Home automation has become a key application for energy harvesting, offering the ability to reduce costs and make life easier. A key element for the development of such systems in residential applications is low cost and multiple suppliers and for this, standards are vital. German energy harvesting specialist EnOcean is celebrating ten years of expertise in energy harvesting for home systems and is now seeing its wireless short packet protocol adopted as a standard by the International Standards Organization (ISO).

The ISO/IEC 14543-3-10 standard for Home Electronic Systems (HES) uses the EnOcean protocol and the first three layers to provide a consistent basis for the development of wireless controllers powered from the environment. This will allow silicon vendors and module makers to develop gateways that will connect to sensors and controllers that use the EnOcean technology. By creating an open standard for such designs, EnOcean sees an increase in volume and a reduction in cost to further drive the technology into the home.

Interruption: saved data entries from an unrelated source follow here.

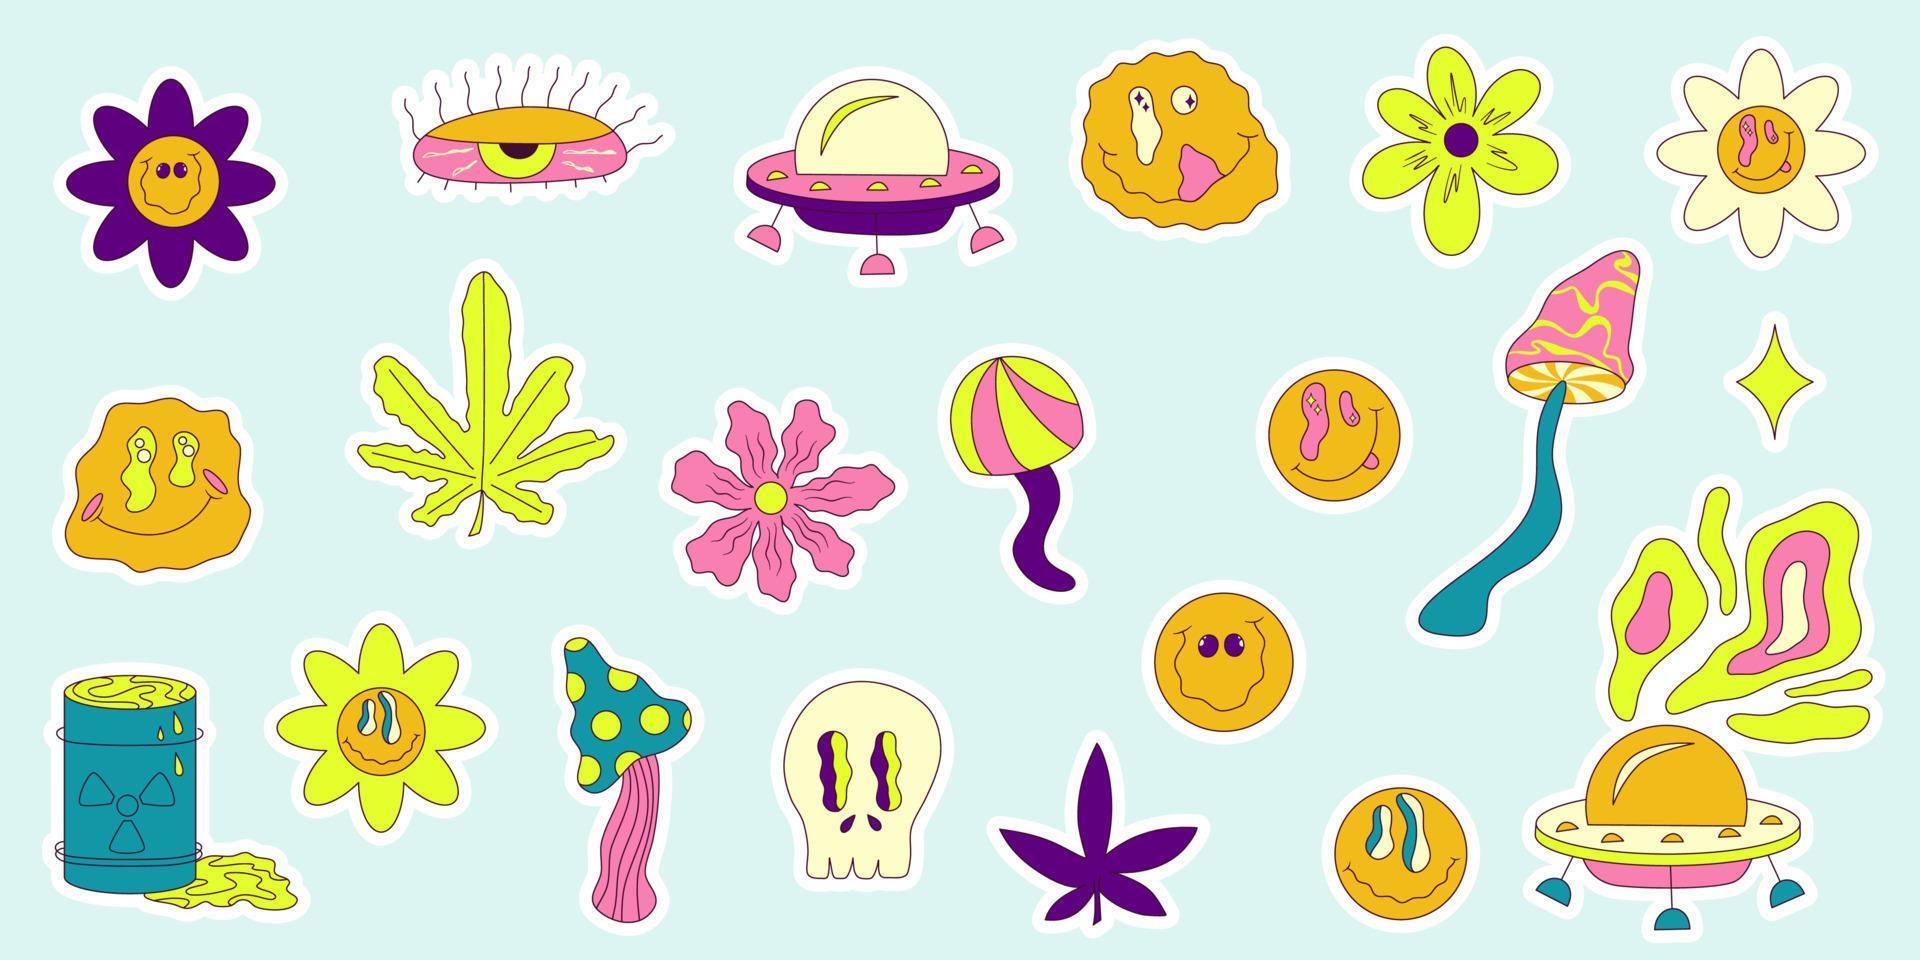 trippy leende klistermärke i popkonst y2k stil på färgglad bakgrund. gul emoji. tecknad vektorillustration. hipster trippy leende, blomma, ufo och cannabis klistermärke vektor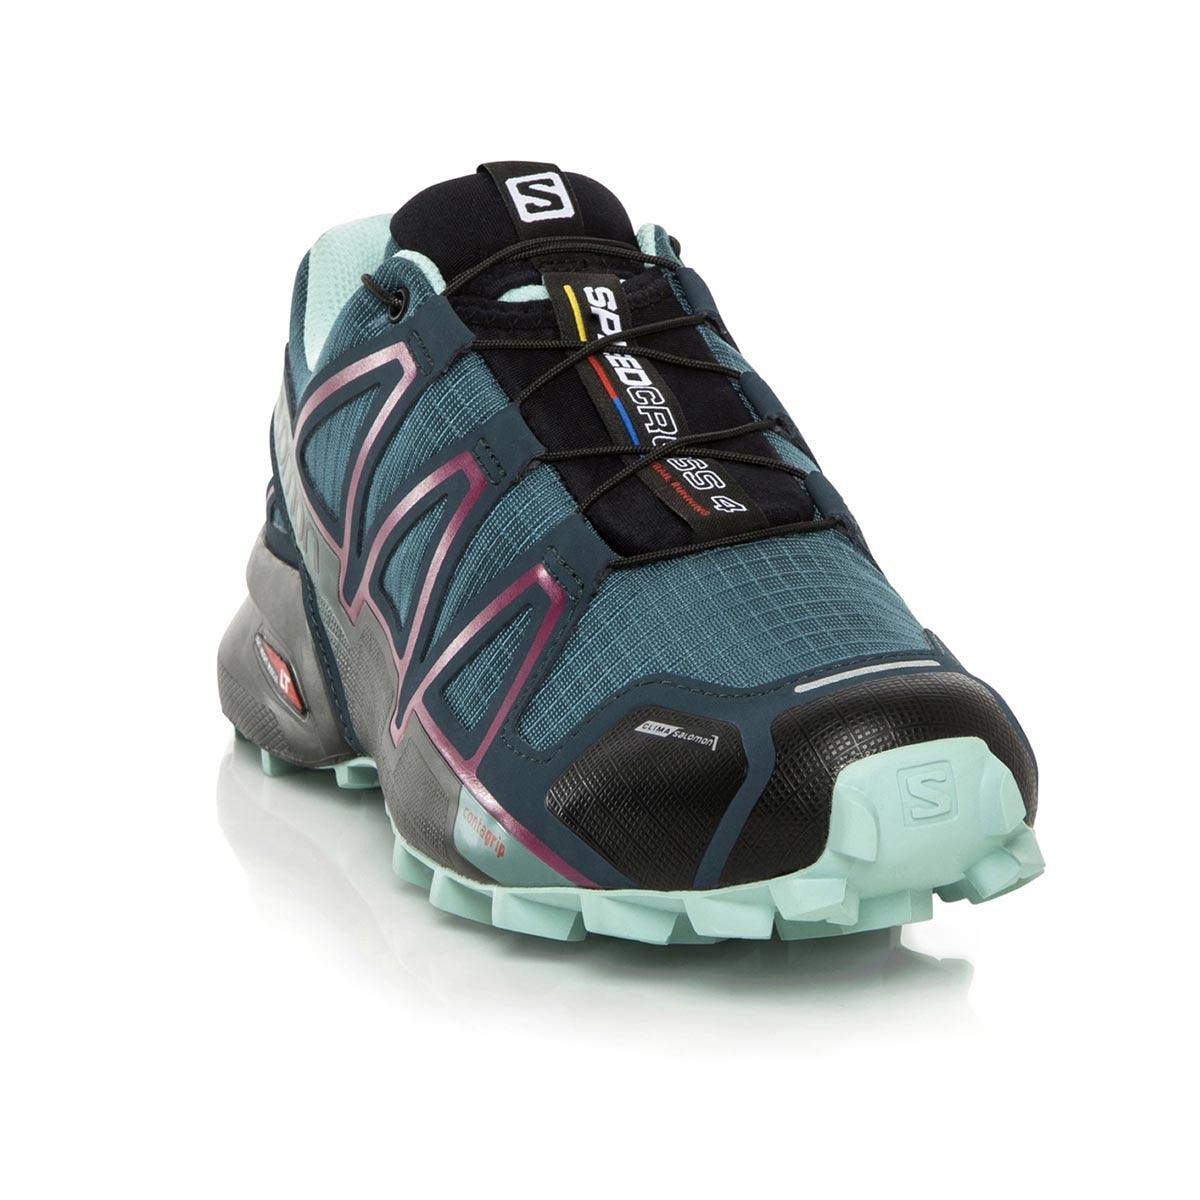 Speedcross 4 GTX Trail-Running Shoes - Women's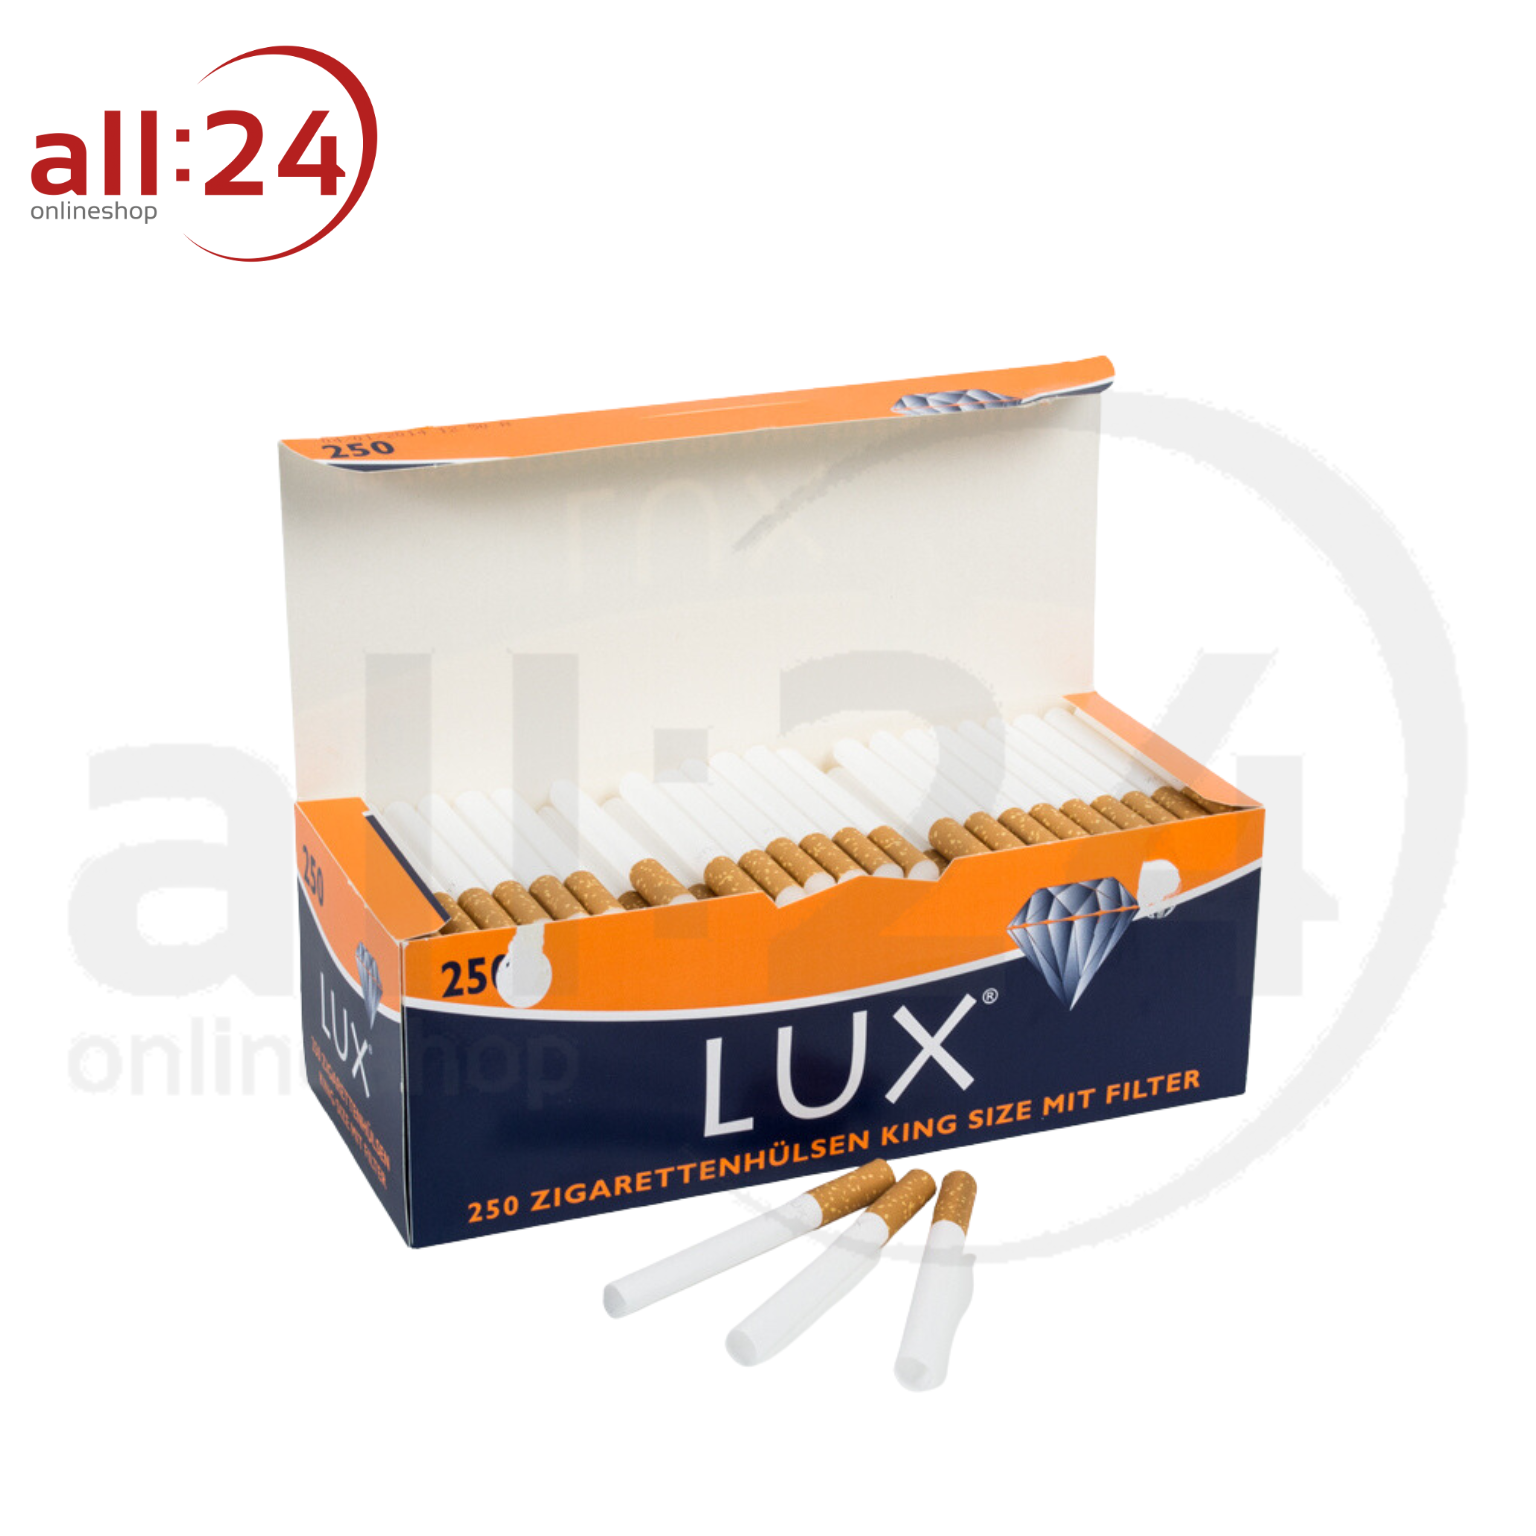 LUX Zigarettenhülsen - Packung mit 250 Stück

Figure 1: The EnOcean architecture for the ISO/IEC 14543-3-10 standard for Home Electronic Systems (HES).

 Having closer control of the lighting systems in the home helps to reduce electricity bills and energy harvesting can play an important role. Being able to have flexible placement of control pads around the home is an important requirement; few consumers would want to alter the room’s aesthetics simply to keep devices near a plug socket or have visible wiring.

All of these can be controlled by a network of sensors and wireless links, directed either locally by control pads or from a central application that can be linked into the corporate network. This control network can also include the outdoor lighting, providing security and safety at night while minimizing the running costs.

Harvesting energy from the environment to power control pads with sensors and wireless links to the lighting system can provide ultimate flexibility to place the pads exactly where they will be used most effectively. This avoids the complex, messy, and often expensive need to install additional data cabling around the home. Using energy harvesting also eliminates the need to replace batteries in the control pads, adding to the appeal for the consumer.

Of course, the lights are mostly powered by the mains, but the continued power consumption reduction of microcontrollers and wireless transceivers from the latest process technology brings the energy requirements of the connected control pad down to the point where the power can be provided from the environment.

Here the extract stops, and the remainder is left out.